# I've gotten really big!



## princesscurves (Dec 28, 2011)

Hi guys, 

I don't know if many of you will remember but I did a thread in the summer about my weight gain and whether I was gonig to continue to gain or not..? Well apologies its been so long since I updated that, I have had a LOT going on since the beginning of october when I think my last update was.


Ok so I was around 216 last time I updated, which was up from 165, my kinda constant weight before I started to gain whilst on summer holidays.

I actually got up to 238  around the middle of november, just through continuing to eat what I wanted but not stuffing. Unfotunately my partner left me around that time and moved out of our house. He never said so but I think my gain had a lot to do with it as the physical side of our relationship had completely stopped and he was no longer interested in me 
A combination of this and a nasty chest infection resulted in me going back down to around 219, which was weird because people started to compliment me on my weight loss, when I actually felt really pale and awful . 

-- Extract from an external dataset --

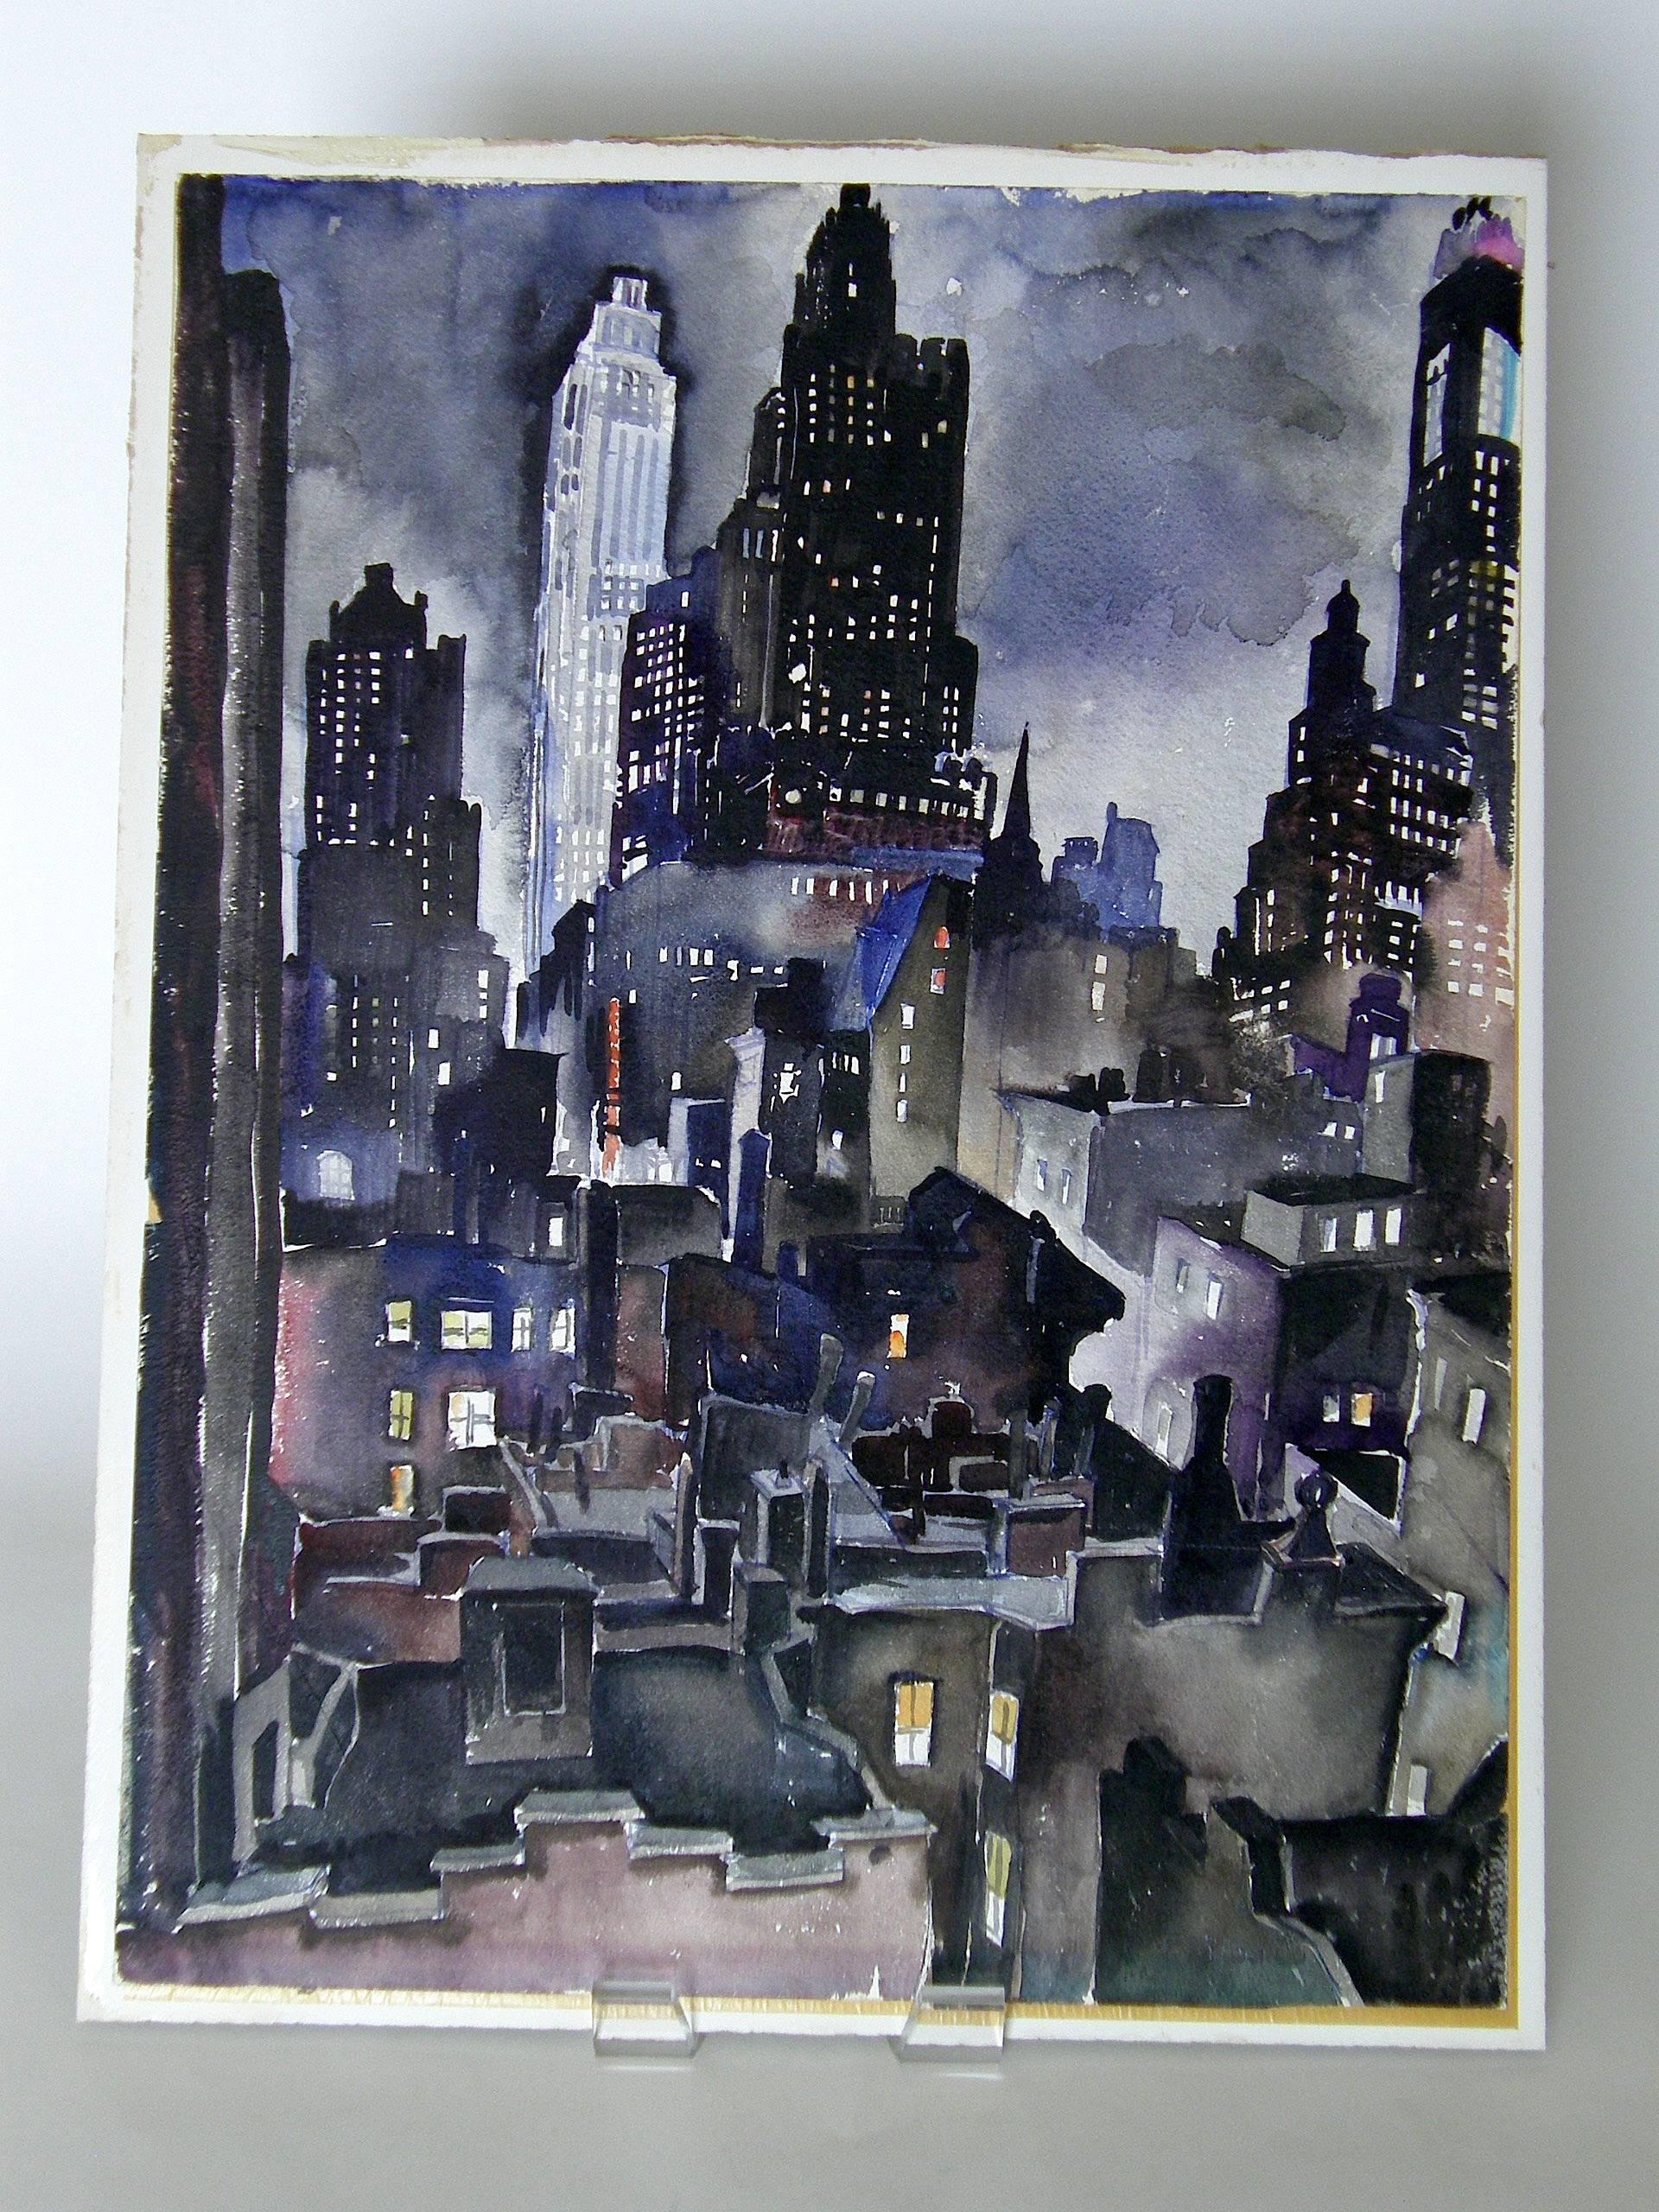 Untitled watercolor depicting a slice of the New York city skyline, by Ruth Van Sickle Ford, circa 1940s. This atmospheric piece beautifully captures the character of the city having the grandeur of the skyscrapers juxtaposed with the more intimate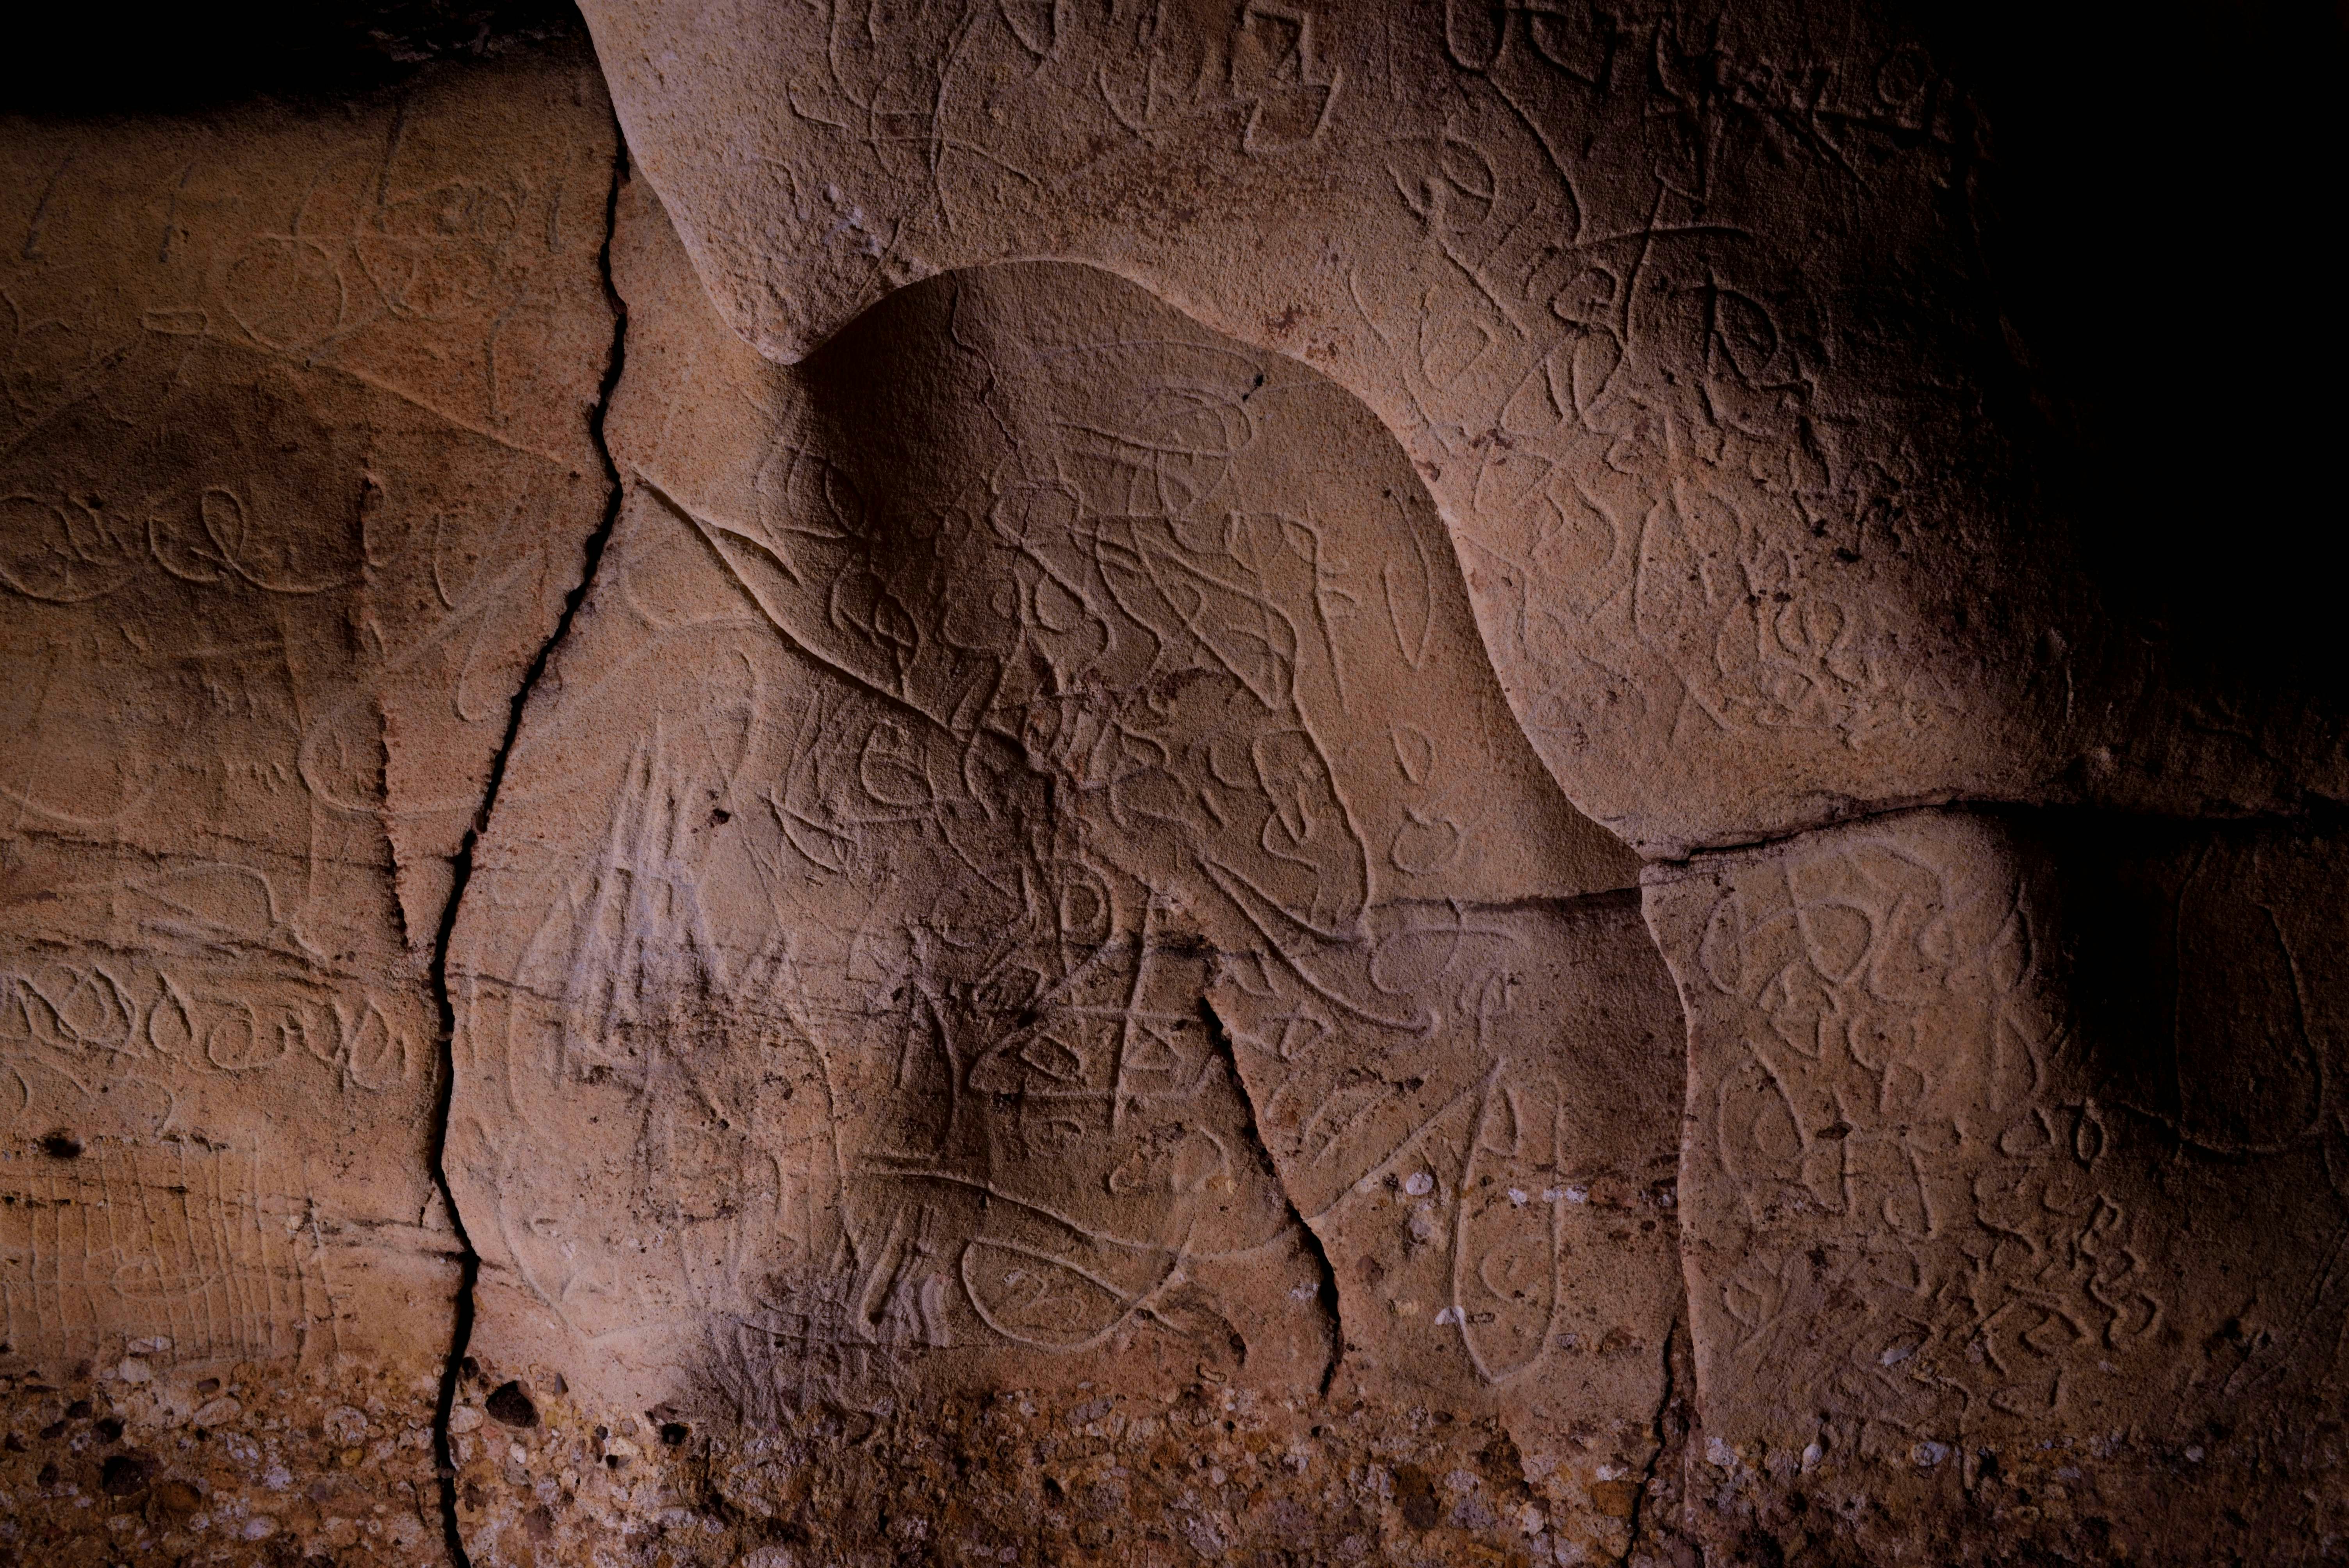 Ancient abstract drawings on the walls of a cave in Spain

Anyhow, after an extremely indulgent December, which i'll be honest, I've gorged my way through , I have ballooned!! I have come back to my own house today after having stayed at my parents for a little over a week and I am now up to *236* from 222 at the start of December :eat1:
I am giving myself until the 5th of January when I go back to work to continue to gorge:eat1:, after all those chocolates have to be eaten, right!! But then after that I am going back to my normal fairly sensible eating what I like. I think I'll probably gain another few pounds in the next week which would take me over 240 for the first time!!! 
Because i'd dropped some weight my clothes were unusually loose for a few weeks but after coming back today and looking in a full length mirror for the first time in a while, I am starting to burst out of them again. I love that feeling!! I can't imagine what my collegaues will think when I go back next week because they'd all been telling me how great (!) I was doing when I dropped that weight. Mind you I suppose everyone overindulges at Christmas!
I went to McDonalds on my way home as I have developed a bit of a thing for ordering loads of food that the cashier knows is just for me, this really excites me that they will think I am big and greedy . I ordered 2 burgers, a large fries, 12 chicken nuggets and an ice cream and made sure I sat there and ate every last bit! my belly was sooo hard afterwards, I rubbed it on the way out.
I haven't taken any pictures in so long but I've decided I really want to keep on updating my progress on here and reading about everyone elses, plus its nice to look back and see my body changing, so I've taken a few tonight.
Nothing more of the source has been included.